In my defence, I could type really fast. It was just… well, all the rest of it.

Sunday, September 14, 2003

Extract from (long lost) first blog : Blue, with Stars : 2003 – 2006

Rosie the kitten is sitting on my knee. We had the ceremonial opening of the cat-flap yesterday and she shot out into the outside world. Of course I spent the whole day trying not to keep checking up on her and making sure I could still see her, hunting for her all over the place. This must be what it’s like for parents letting their children go off on a gap year to Africa or whatever. Luckily Rosie didn’t set off for East Anglia (where she came from) at a brisk trot, via the M25 so she must be content to stay with me. I’ve been doing some calculations. I had vaguely thought she would be about 6 months (when they have to be spayed) in February but according to my diary it’s more like December, just before Christmas. I’ll have to check with the vet in October, when I take the remaining three in for their cat-flu injections.

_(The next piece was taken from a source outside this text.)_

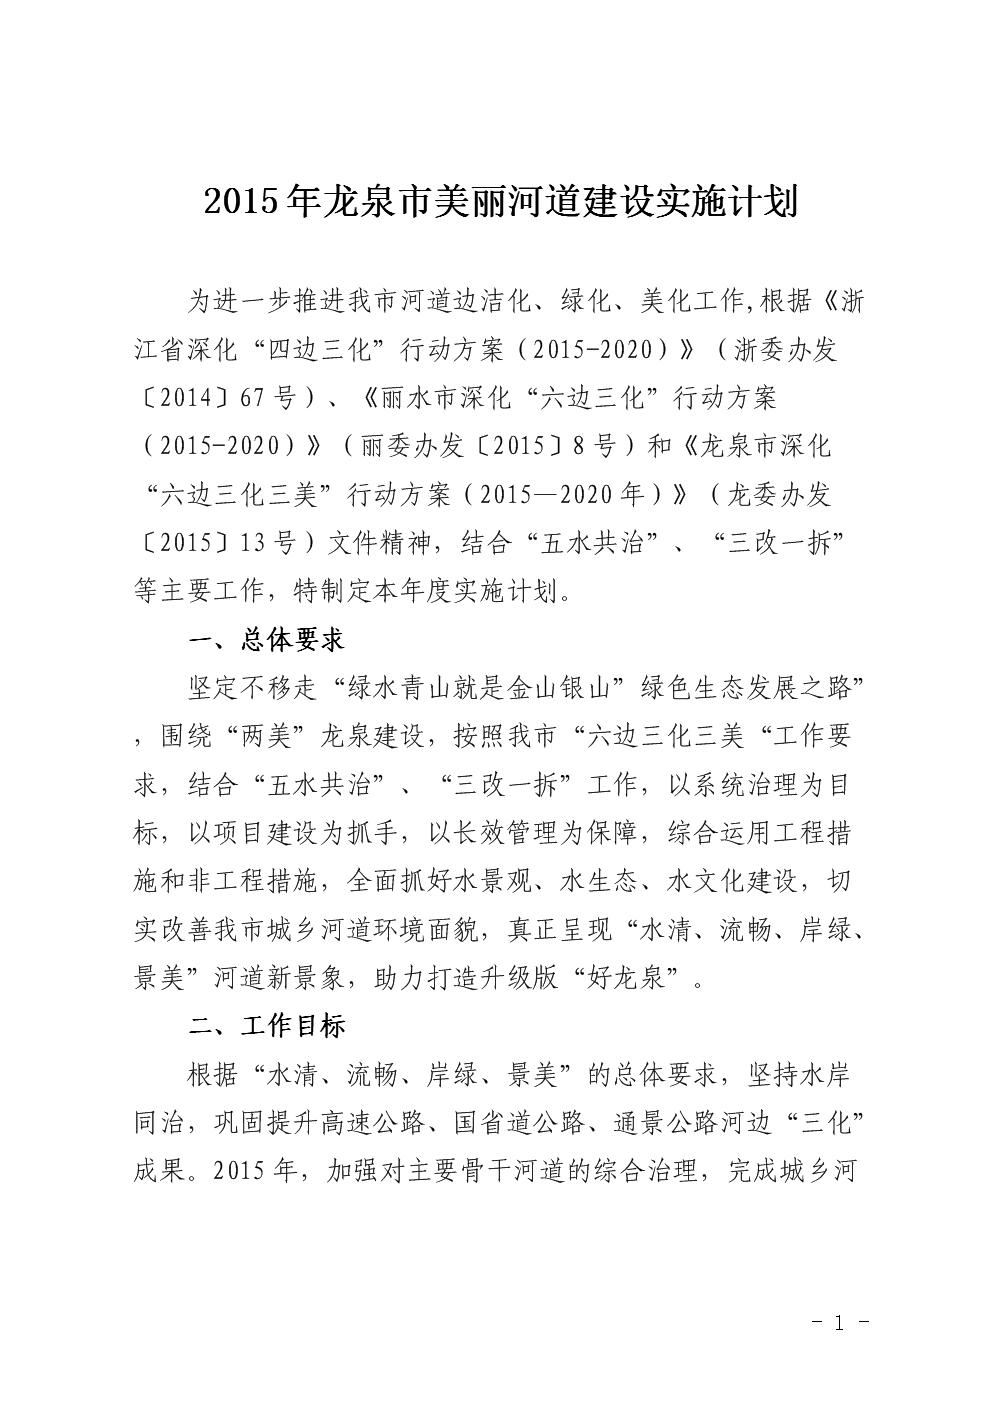 2015年龙泉市美丽河道建设实施计划.doc

Went to the theatre with N on Friday night. Not the best of nights as I was exhausted, as always after work, but especially at the end of the week, and I think she was too. She hadn’t been home but had carried on working. It was an amateur performance, and I thought it might be interesting just because of the “wobbly scenery” possibilities but it was even “wobblier” in all sorts of ways than I had imagined.

The theatre was a very small section of a leisure centre and we had to wait in a rather dismal area on a motley selection of hard chairs, saggy sofas and chaise longues, while the (one) lady behind the bar struggled to serve the queue with orange juices etc. Then we found that the theatre seats weren’t numbered and all the locals had stampeded in first to bag seats for their friends. We couldn’t sit together because there simply weren’t two seats left.

The play was a murder mystery of staggering uninterest, the actors had costumes made of what looked like curtains dyed different colours and were totally miscast – eg the ‘honeymoon couple’ were a reasonably attractive young woman and a hideous old bloke (who later got ‘killed’ and staggered back in with – possibly strawberry jam – all over his white shirt). Thank goodness for that, I thought.

The second half was a kind of question and answer session where the audience and a panel asked questions of the cast and tried to work out who dunnit. Nobody had a pencil to write the answer down. The plot had so many logic-holes (normally a plus point, as far as I am concerned, and one of the most entertaining aspects of Star Trek) that I couldn’t work out why they dunnit even when I was told that they had dunnit, and furthermore I didn’t care. It turned out to have been written by a member of the cast (the fat one with the bow-tie).

I felt a bit embarrassed that I had let N in for this awfulness but she seemed to find it quite amusing, said it was better than sitting at home writing Wills for people all evening.